Our skin is designed to prevent evaporation of moisture from within its outermost layer. When the skin dries out, this protective ability is lost and the integrity of the skin suffers. For this reason, proper moisturizing is critical to both skin health and our comfort level. A good moisturizer supports two functions: it slows moisture loss and helps to draw water back into the stratum corneum.

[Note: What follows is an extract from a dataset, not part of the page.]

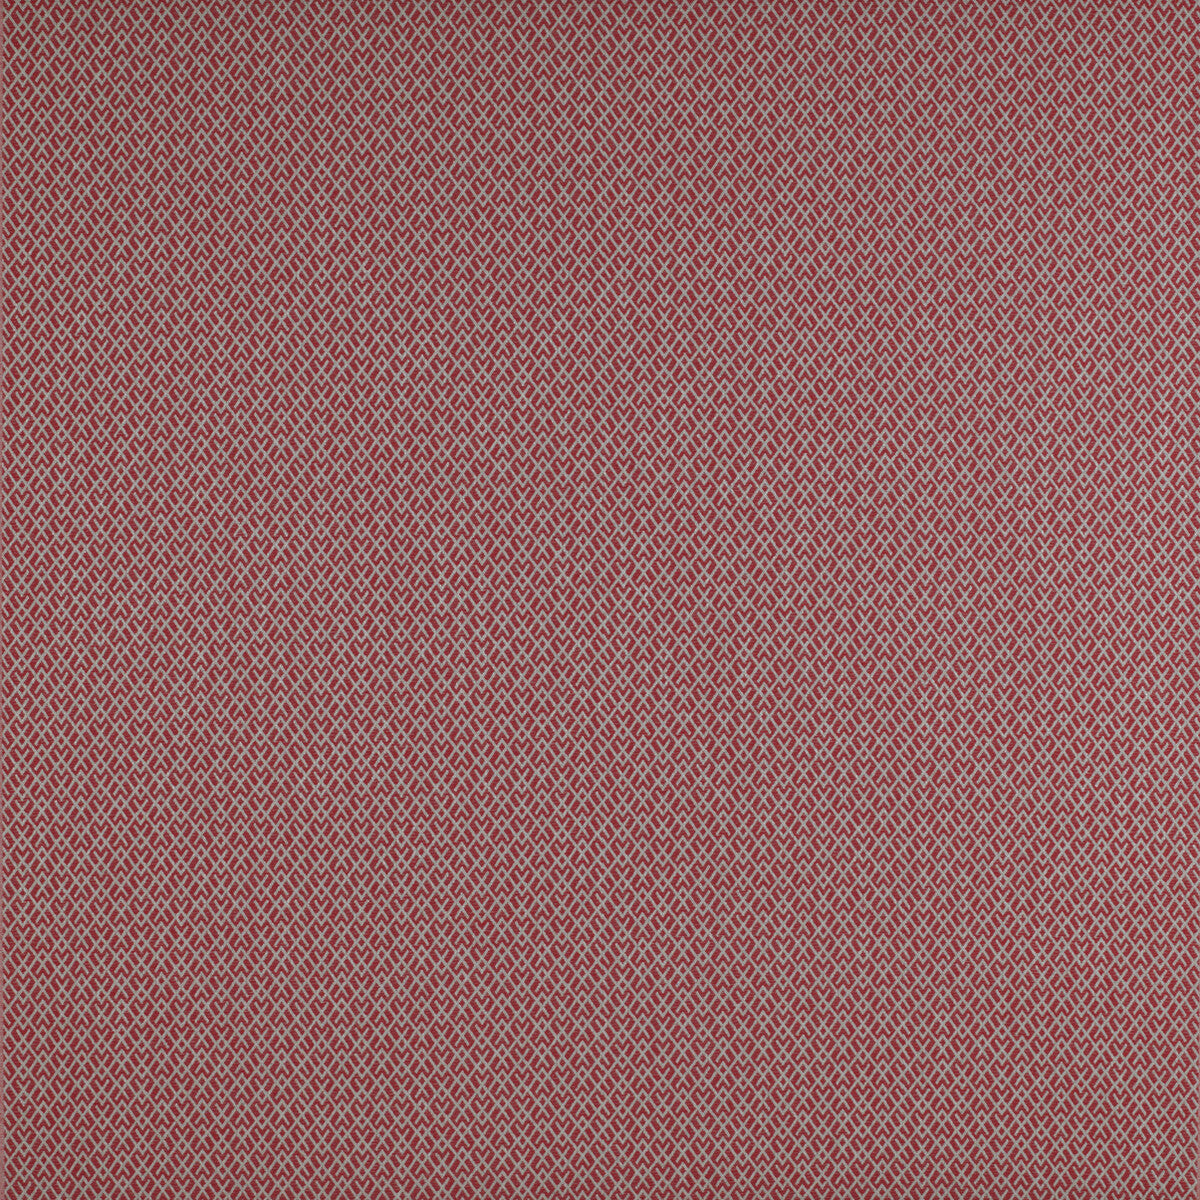 Chueca fabric in rojo color - pattern GDT5205.012.0 - by Gaston y Daniela in the Madrid collection

There are two kinds of moisturizers, oil-based and water-based. Moisturizers contain different kinds of oil, and the ratio of water to oil varies from product to product. The type of moisturizer you choose should depend on your skin type. If your skin is oily, a water-based moisturizer will prevent the burdening of your pores with more oil. If your skin is dry to normal, an oil-based moisturizer works best to maintain hydration.
Many formulators like to extol and market the virtues of natural cosmetics. Here are a few widely-used natural ingredients found in skincare products on the market today:
• Alpha Hydroxy Acids (AHA’s) are used in a wide range of moisturizers and anti-aging creams. Glycolic acid is derived from sugarcane. Lactic acid from milk, malic acid from apples and tartaric acid from grapes are other natural acids. AHA’s are thought to improve skin tone and dark spots as well as to soften lines and wrinkles.
• Clay is rich in minerals and often used in facial masks, shaving products and soaps. It is an effective cleanser and considered hypoallergenic.
• Oat is a natural grain used in many cosmetics to soothe sensitive skin and relieve itching. It is also a humectant, which means it promotes the retention of moisture.
• Botanical Oils such as avocado, sunflower, olive and almond oil are commonly used natural ingredients, although some oils are considered comedogenic.
Ultimately, formulators should strive to understand the structure and function of the skin when formulating cosmetics. Having a grasp of the skins function in relationship to the cosmetic being formulated results in more effective products, which in turn will boost your bottom line.